Low Latency, Serverless LFM2 with vLLM and Modal

In this example, we show how to serve Liquid AI’s LFM2 models with vLLM with low latency and fast cold starts on Modal.

The LFM2 models are not vanilla Transformers — they have a hybrid architecture, discovered via an architecture search that optimized for quality, latency, and memory footprint. Check out their technical report for more details.

Here, we run the 24B-A2B variant of LFM2, described here. This variant is designed for efficient inference and includes instruction tuning. It is released under the weights-available LFM 1.0 License, which restricts commercial use for entities with over $10M in revenue.

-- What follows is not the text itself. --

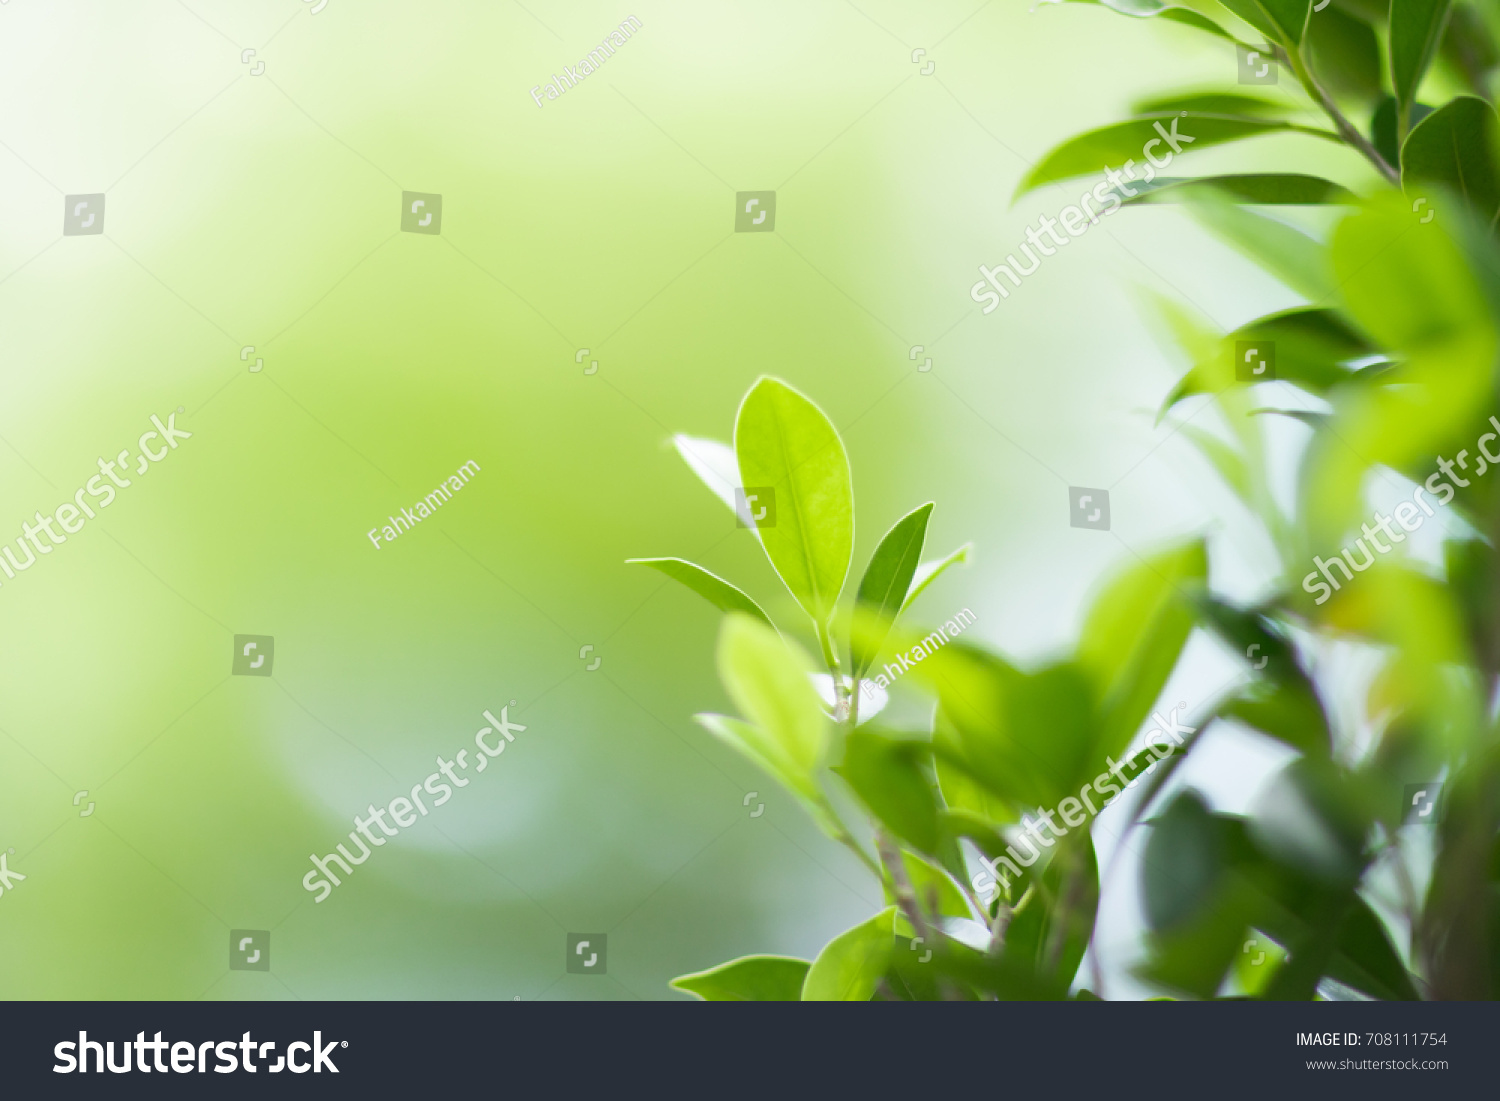 Nature of green leaf in garden at summer. Natural green leaves plants using as spring background cover page environment ecology or greenery wallpaper #708111754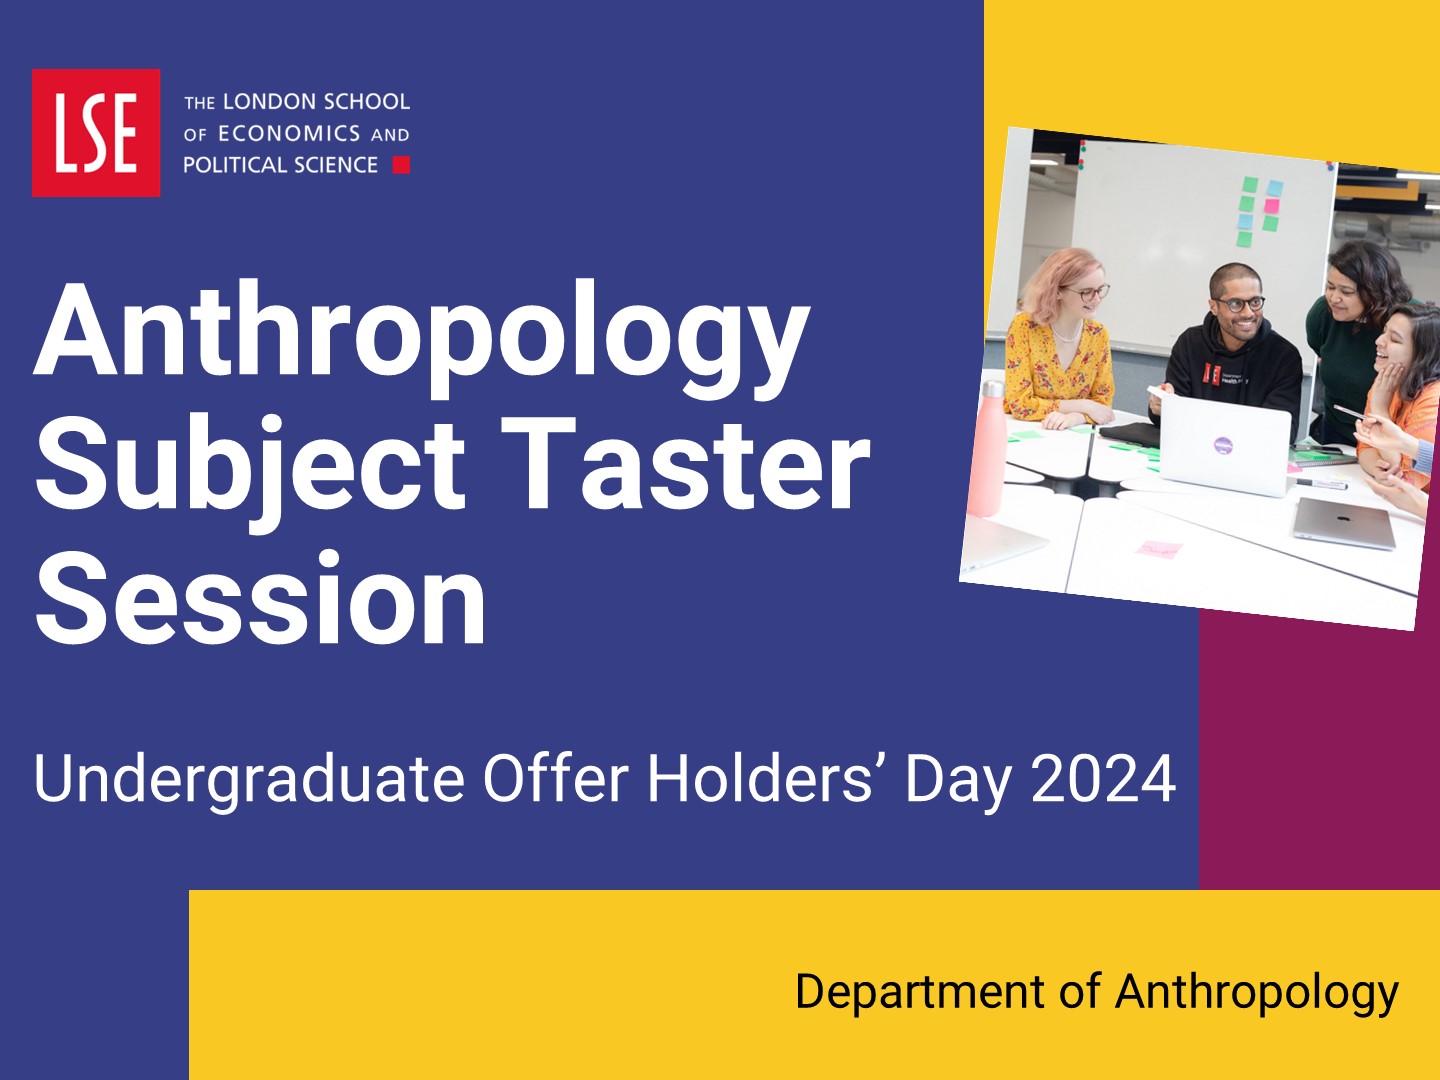 Watch the anthropology subject taster session

This example demonstrates techniques to run inference at high efficiency, including advanced features of both vLLM and Modal. For a simpler introduction to LLM serving, see this example.

To minimize routing overheads, we use @modal.experimental.http_server, which uses a new, low-latency routing service on Modal designed for latency-sensitive inference workloads. This gives us more control over routing, but with increased power comes increased responsibility.

We also include instructions for cutting cold start times using Modal’s CPU + GPU memory snapshots.

Fast cold starts are particularly useful for LLM inference applications that have highly “bursty” workloads, like document processing. See this guide for a breakdown of different LLM inference workloads and how to optimize them.

Set up the container image

Our first order of business is to define the environment our server will run in: the container Image. We’ll use the vLLM inference server.

While we’re at it, we import the dependencies we’ll need both remotely and locally (for deployment).

Selecting the GPU

We choose the H100 GPU, which offers excellent price-performance and has sufficient VRAM to store the models.

Loading and caching the model weights

We don’t want to load the model from the Hub every time we start the server. We can load it much faster from a Modal Volume. Typical speeds are around one to two GB/s.

In addition to pointing the Hugging Face Hub at the path where we mount the Volume, we also turn on “high performance” downloads, which can fully saturate our network bandwidth, and provide an HF_TOKEN via a Modal Secret so that our downloads aren’t throttled. You’ll need to create a Secret named huggingface-secret with your token here.

Caching compilation artifacts

Model weights aren’t the only thing we want to cache. vLLM also produces compilation artifacts that we want to persist across restarts.

Define the inference server and infrastructure

Selecting infrastructure to minimize latency

Minimizing latency requires geographic co-location of clients and servers.

So for low latency LLM inference services on Modal, you must select a cloud region for both the GPU-accelerated containers running inference and for the internal Modal proxies that forward requests to them as part of defining a modal.experimental.http_server.

Here, we assume users are mostly in the northern half of the Americas and select the us-east cloud region to serve them. This should result in at most a few dozen milliseconds of round-trip time.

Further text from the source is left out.